Nanopore Sensing in Aqueous Two-Phase System: Simultaneous Enhancement of Signal and Translocation Time via Conformal Coating
- Authors
- Lee, Sang Jun; Kang, Ji Yoon; Choi, Wonjoon; Kwak, Rhokyun
- Issue Date
- 18-1월-2017
- Publisher
- WILEY-V C H VERLAG GMBH
- Keywords
- aqueous two-phase system; conformal coatings; nanopores; resistive pulse sensing
- Citation
- SMALL, v.13, no.3
- Indexed
- SCIE
SCOPUS
- Journal Title
- SMALL
- Volume
- 13
- Number
- 3
- URI
- https://scholar.korea.ac.kr/handle/2021.sw.korea/84900
- DOI
- 10.1002/smll.201601725
- ISSN
- 1613-6810
- Abstract
- Nanofluidic resistive pulse sensing (RPS) has been extensively used to measure the size, concentration, and surface charge of nanoparticles in electrically conducting solutions. Although various methods have been explored for improving detection performances, intrinsic problems including the extremely low particle-to-pore volume ratio (<0.01%) and fast nanoparticle translocation (10-1000 mu s) still induce difficulties in detection, such as low signal magnitudes and short translocation times.
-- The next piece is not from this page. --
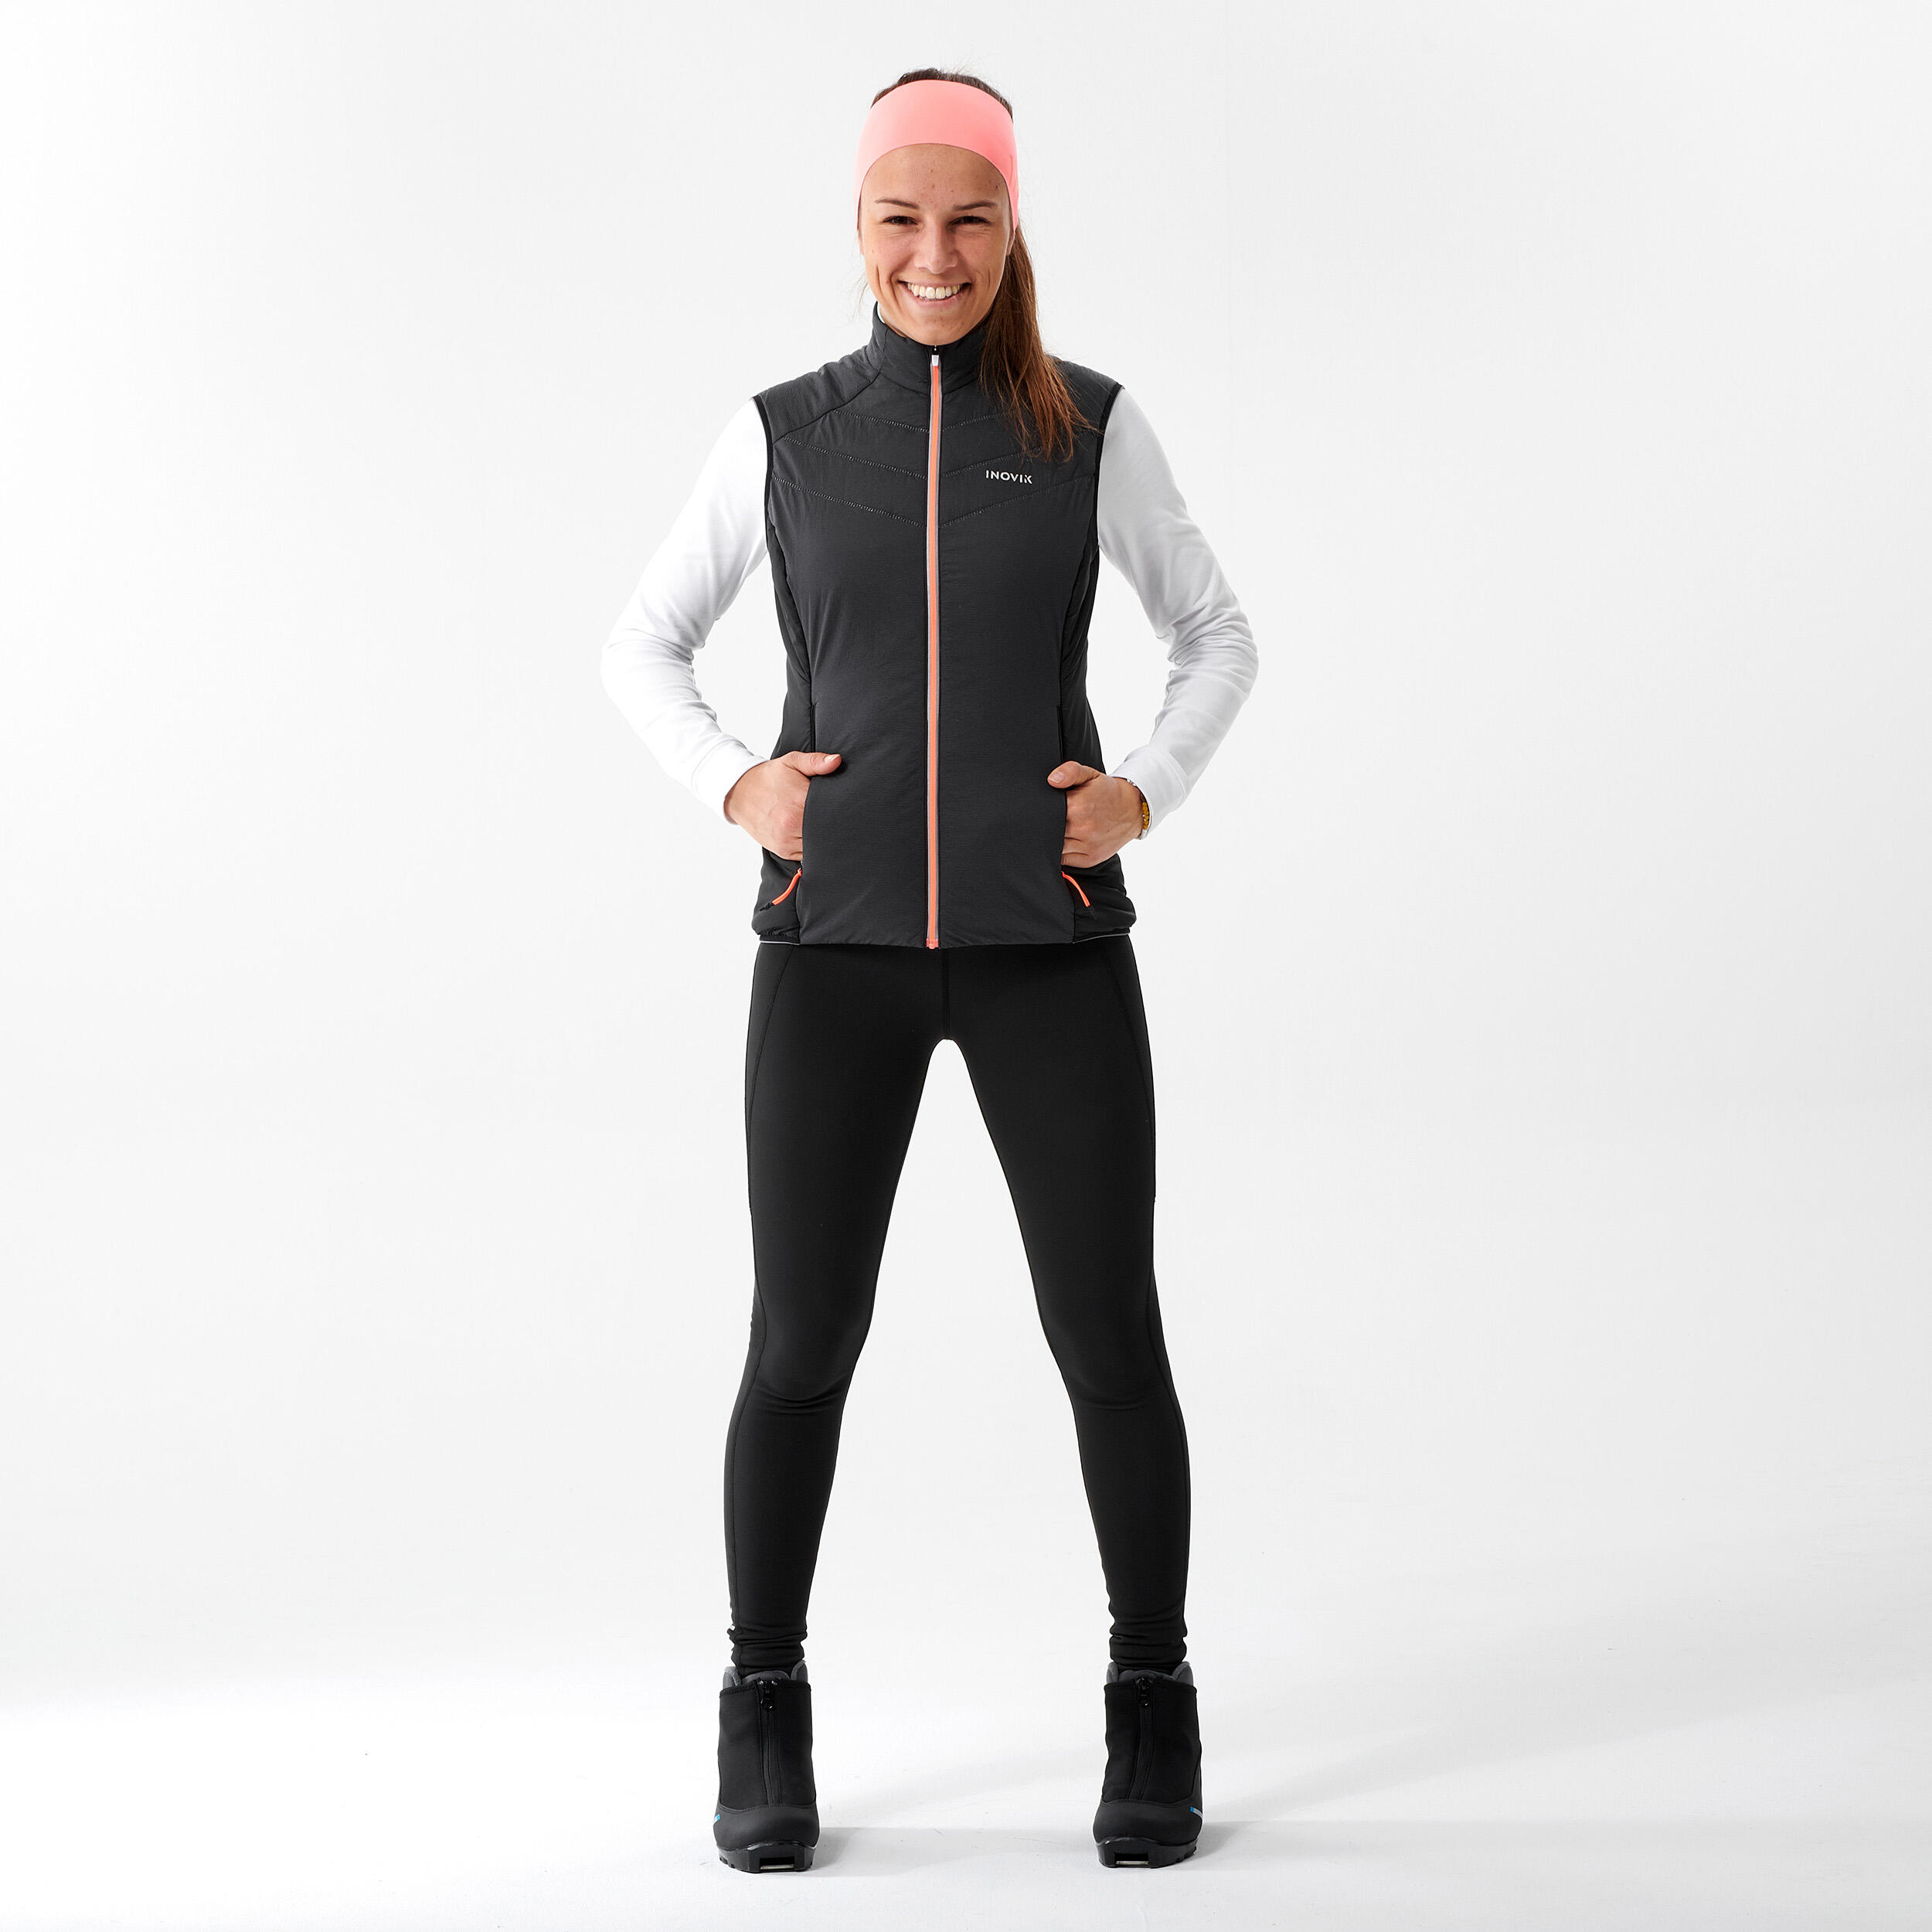 ODLO-COLLANT VELOCITY W BLACK - Cross-country ski leggings
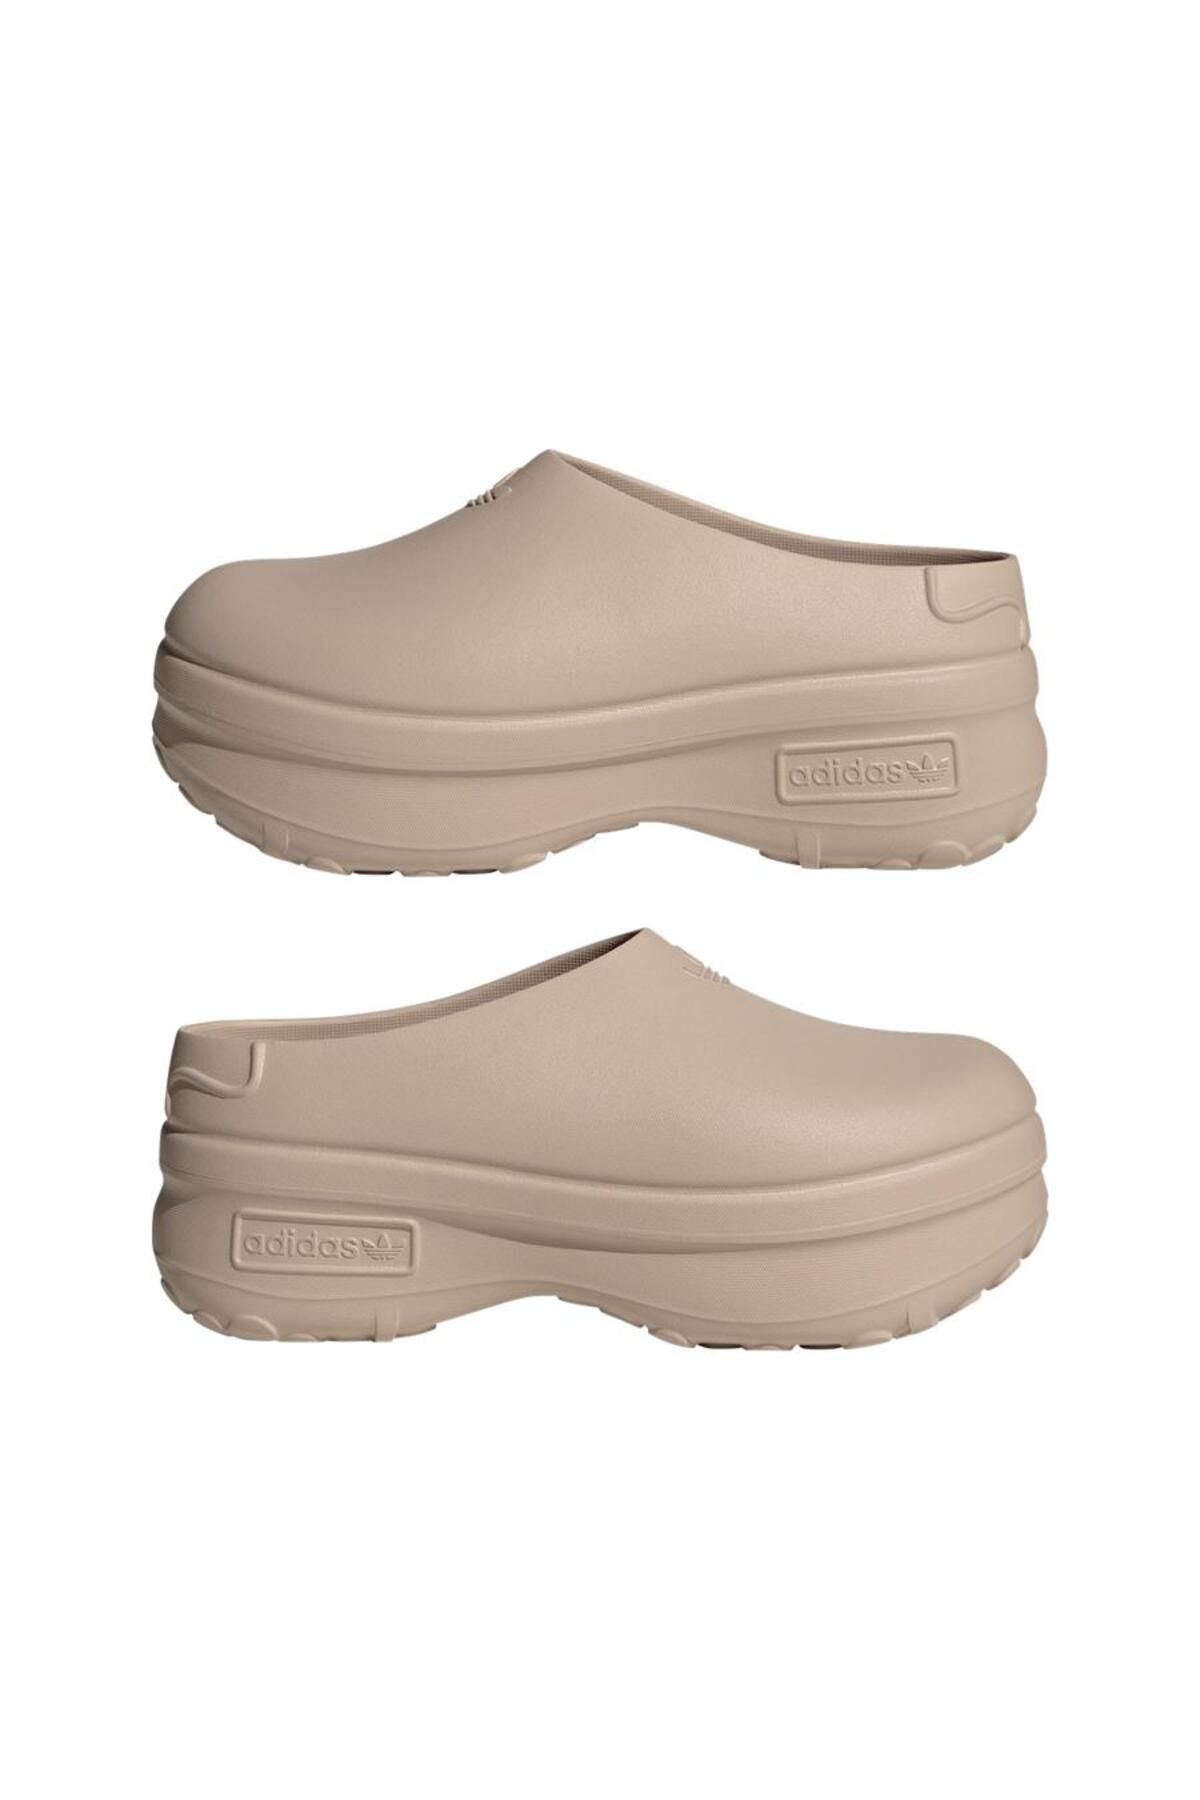 adidas کفش های زن adfom stan mule w IE7052

Herein, we present an aqueous two-phase system (ATPS) in a nanofluidic RPS for amplifying translocation signals and decreasing translocation speeds simultaneously. Two immiscible aqueous liquids build a liquid-liquid interface inside nanopores. As particles translocate from a high-affinity liquid phase into a lower-affinity one, the high-affinity liquid forms a conformal coating on the particles, which increases the effective particle size and amplifies the current-blockage signal. The translocation time is also increased, as the ATPS interface impedes the particle translocation. For 20 nm particles, 7.92-fold and 5.82-fold enhancements of signal magnitude and translocation time can be achieved. To our knowledge, this is the first attempt to improve nanofluidic RPS by treating an interface of solution reservoirs for manipulating target particles rather than nanopores. This direct particle manipulation allows us to solve the two intrinsic problems all at once.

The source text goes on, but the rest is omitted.